What the task asks ▸
Please write out the full listing beneath this line exactly, skipping its images.

Collected data ▸
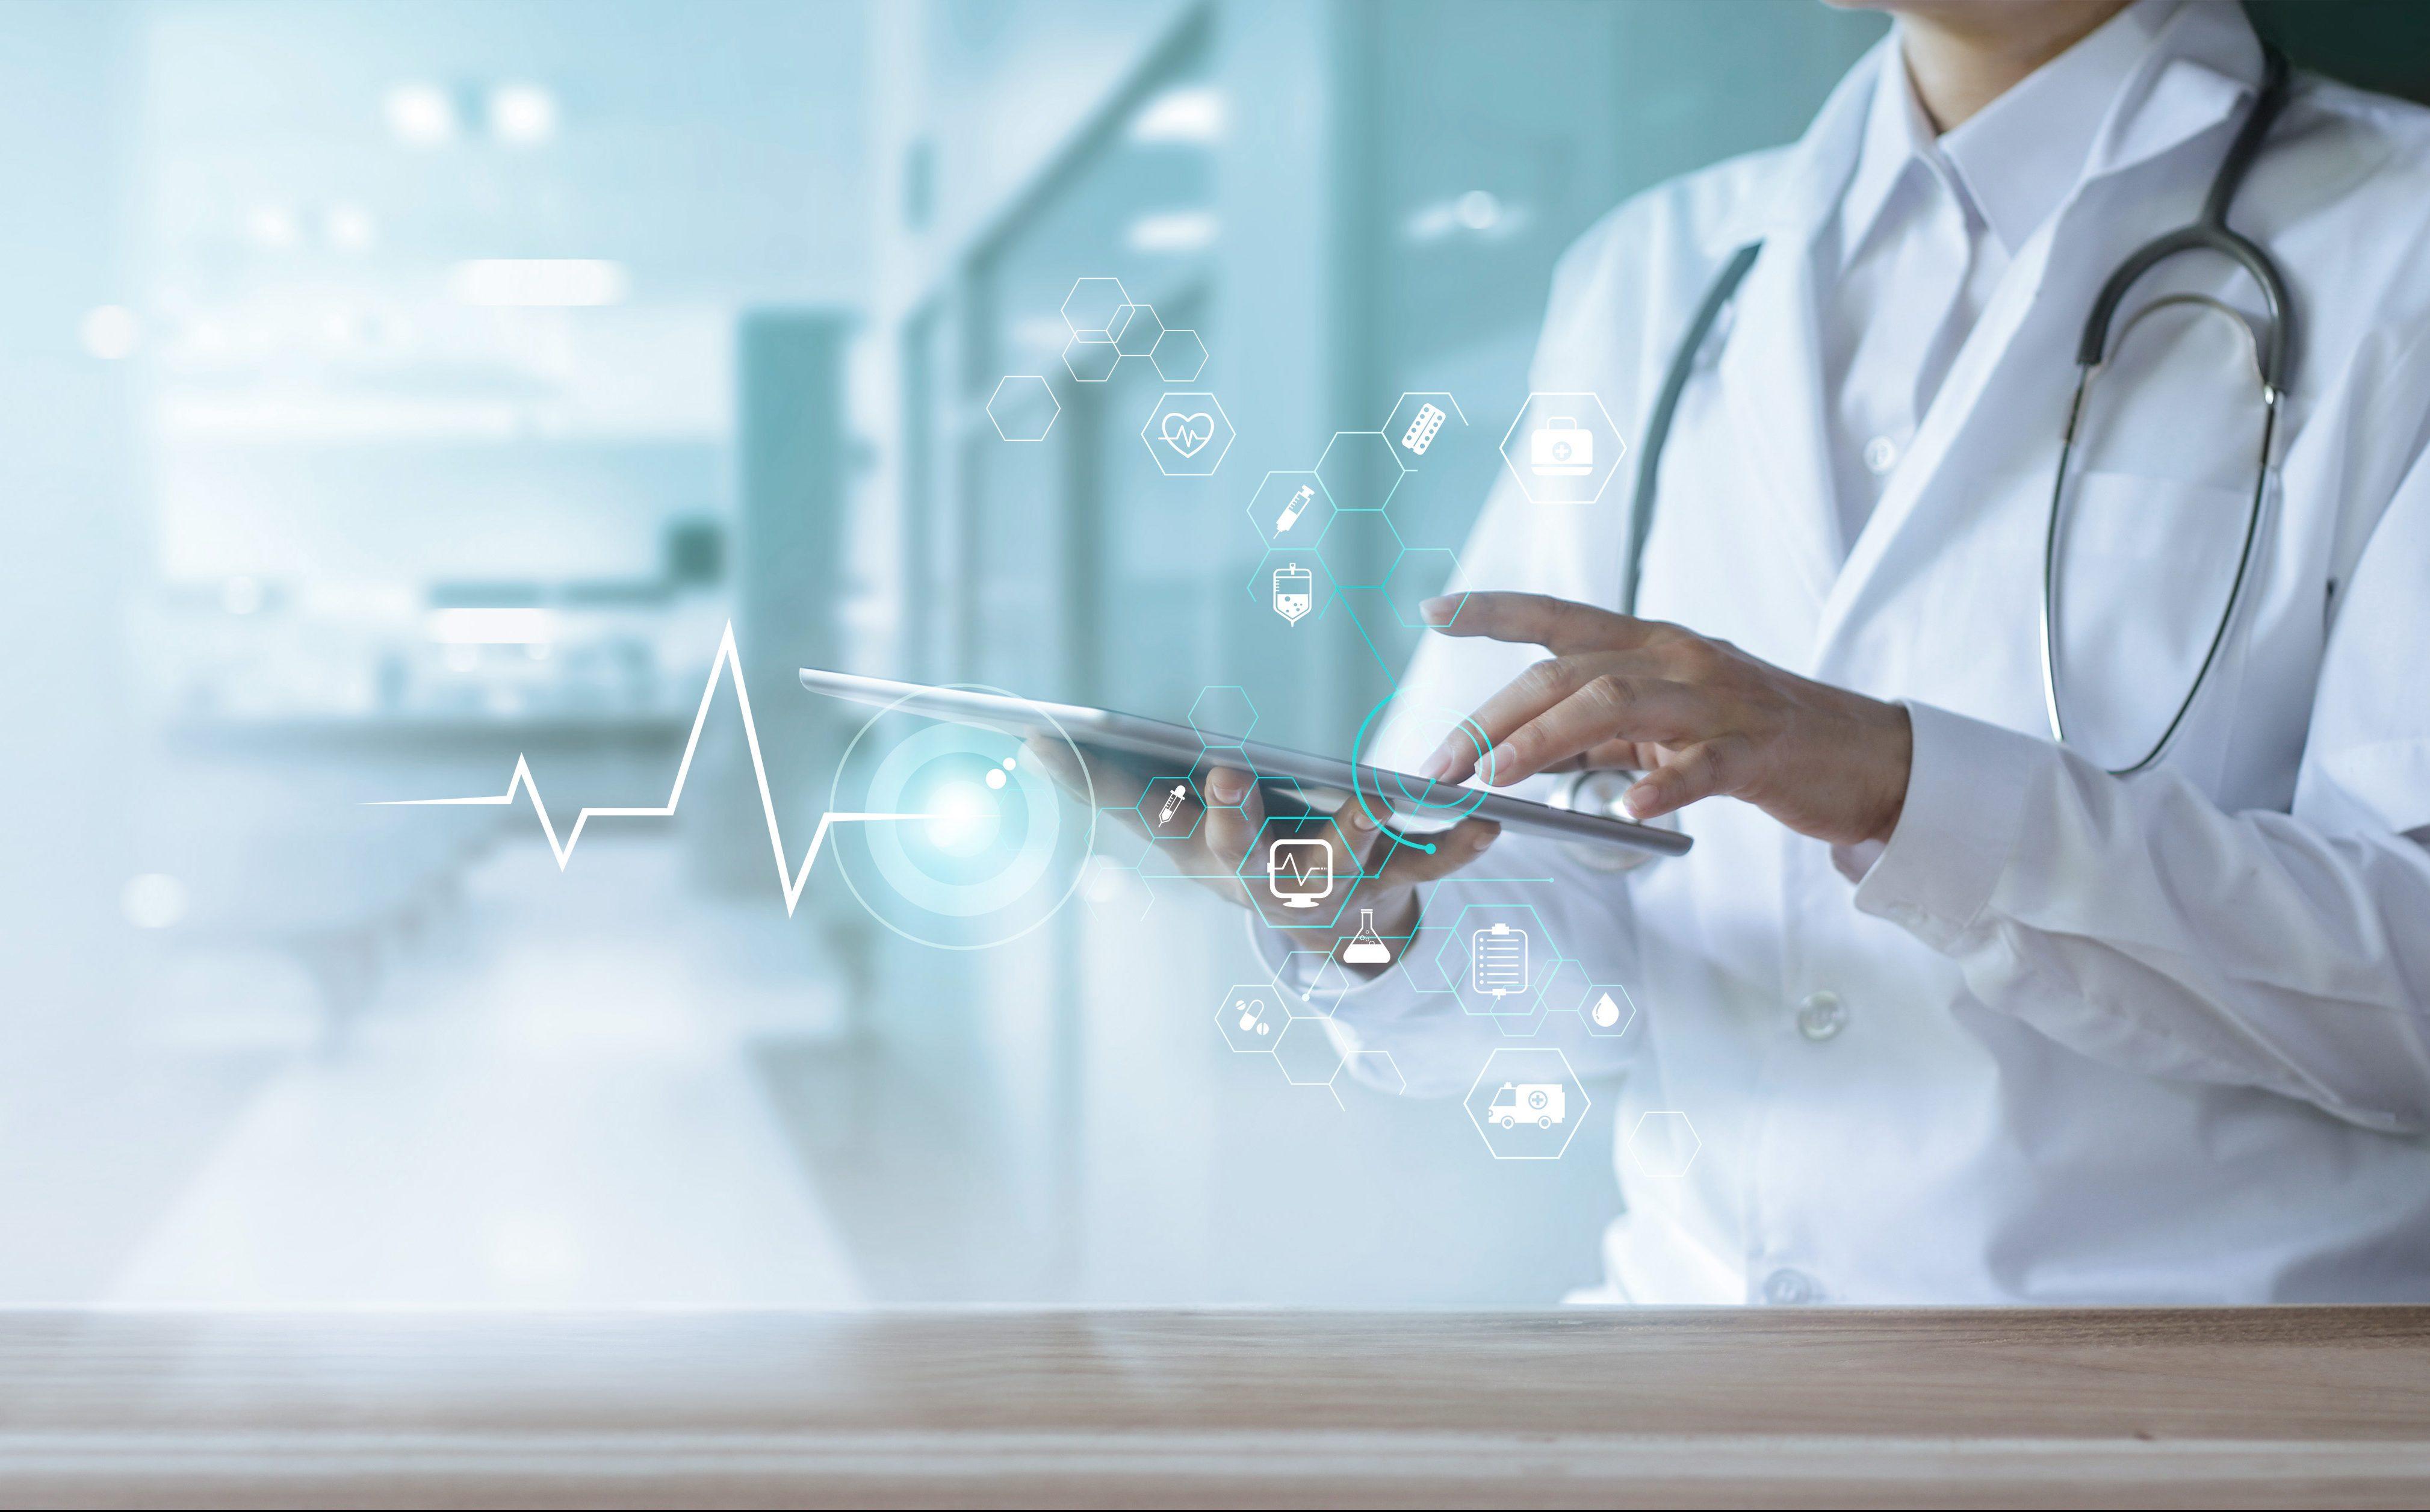 Telessaúde: Qual sua importância para a medicina atual?
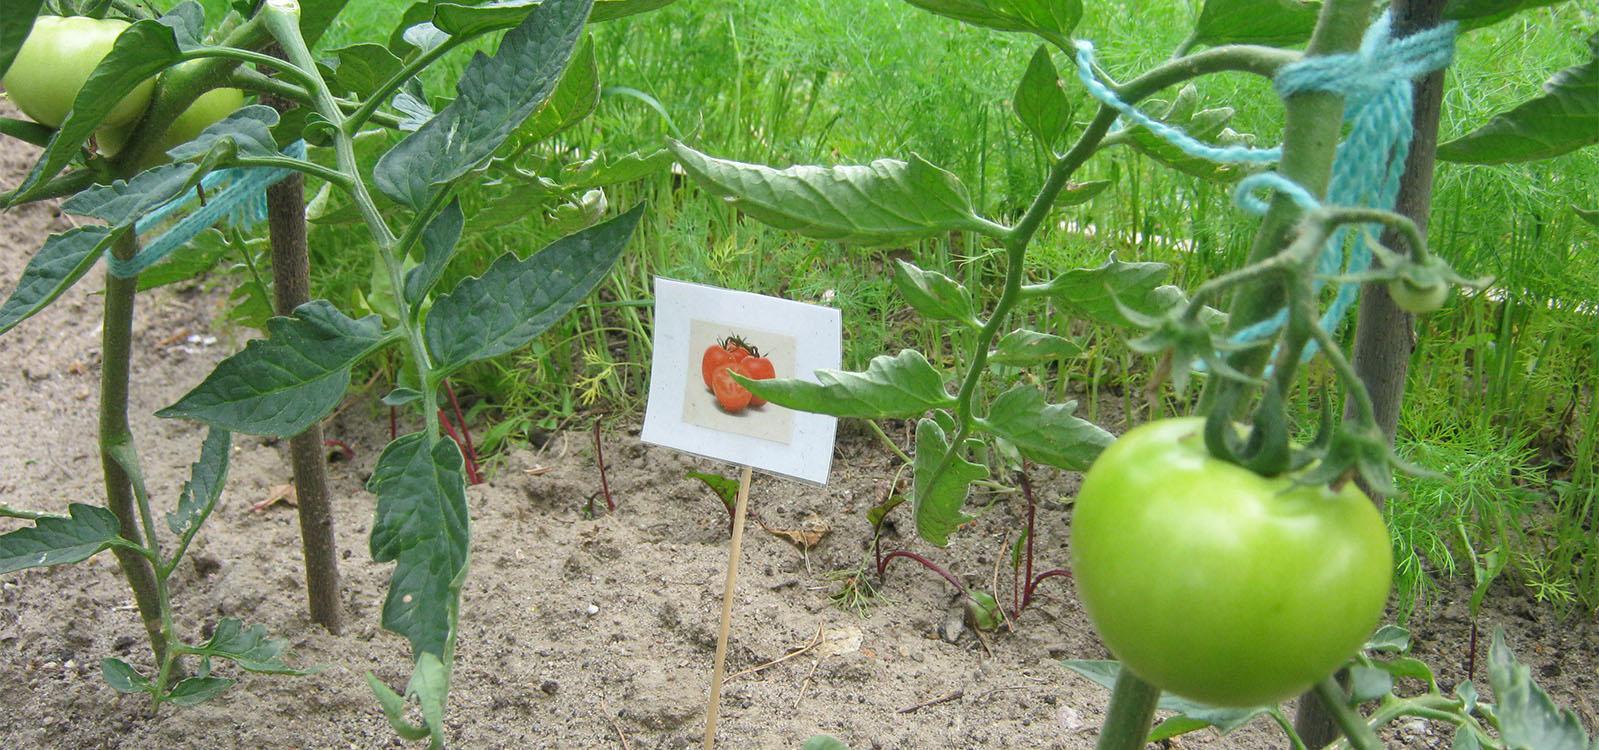 EKOLUDEK_Niepubliczne_przedszkole_ekologiczne_Lodz_Pomidory.jpg
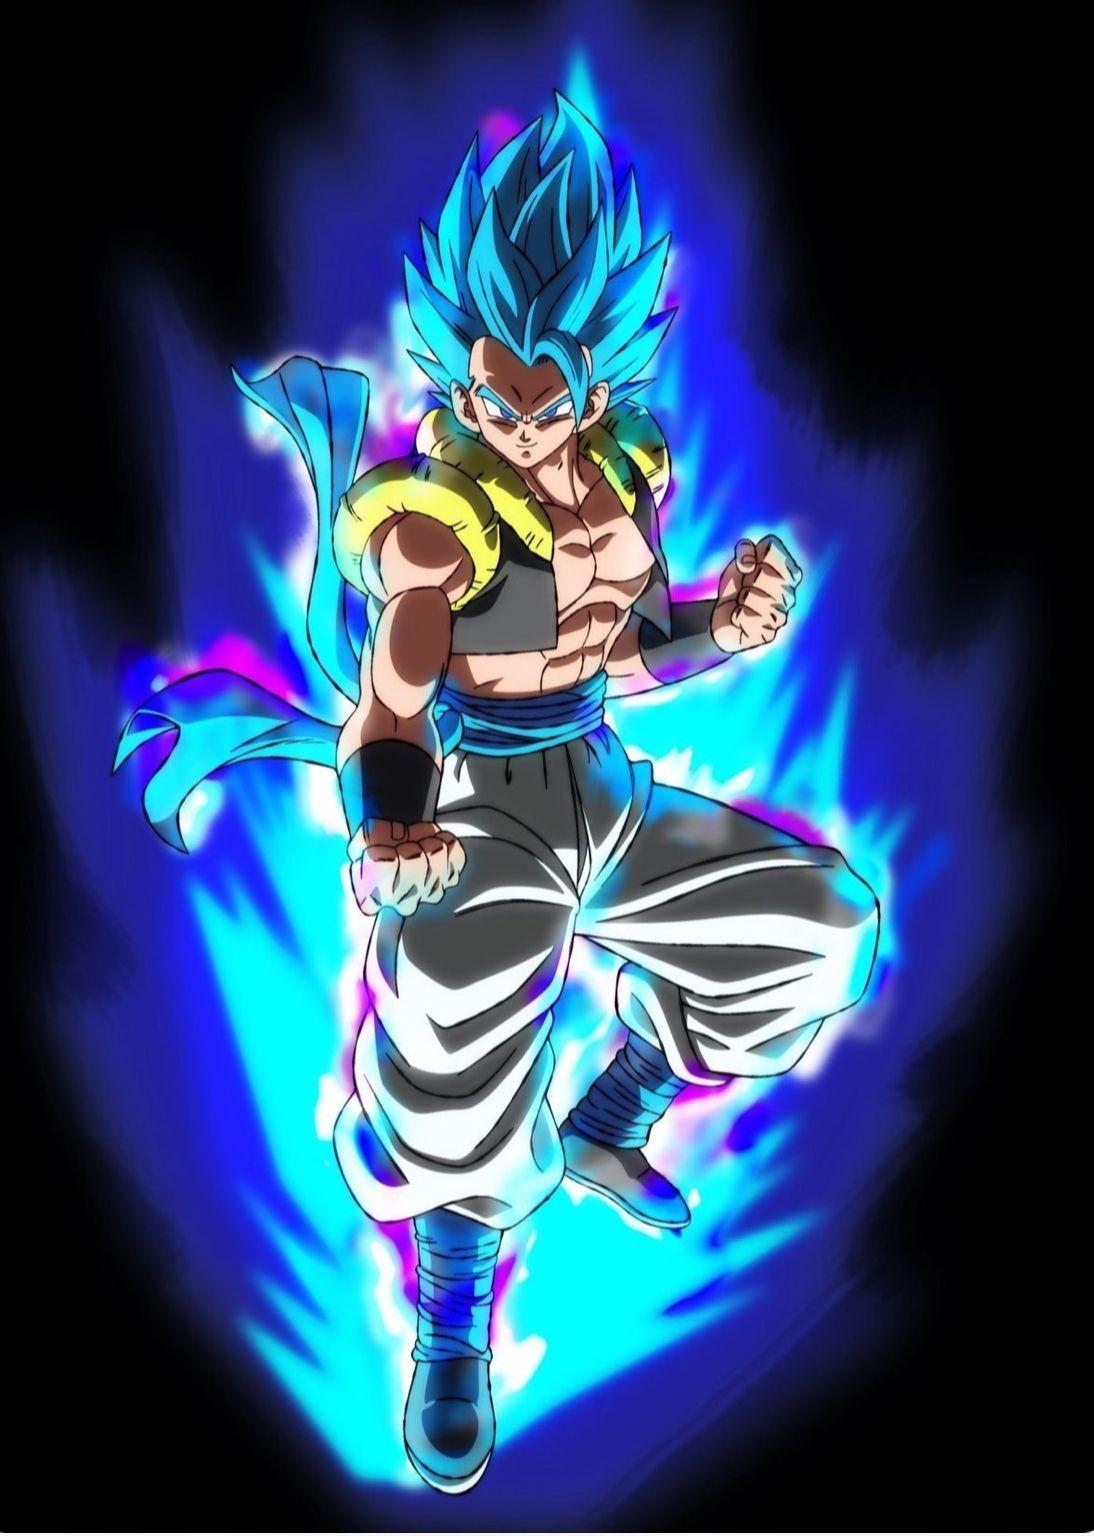 Pin de DHYAN Nimbark em DBZ em 2020 Personagens de anime

Exercise output ▸
 Telessaúde: Qual sua importância para a medicina atual?
 EKOLUDEK_Niepubliczne_przedszkole_ekologiczne_Lodz_Pomidory.jpg
 Pin de DHYAN Nimbark em DBZ em 2020 Personagens de anime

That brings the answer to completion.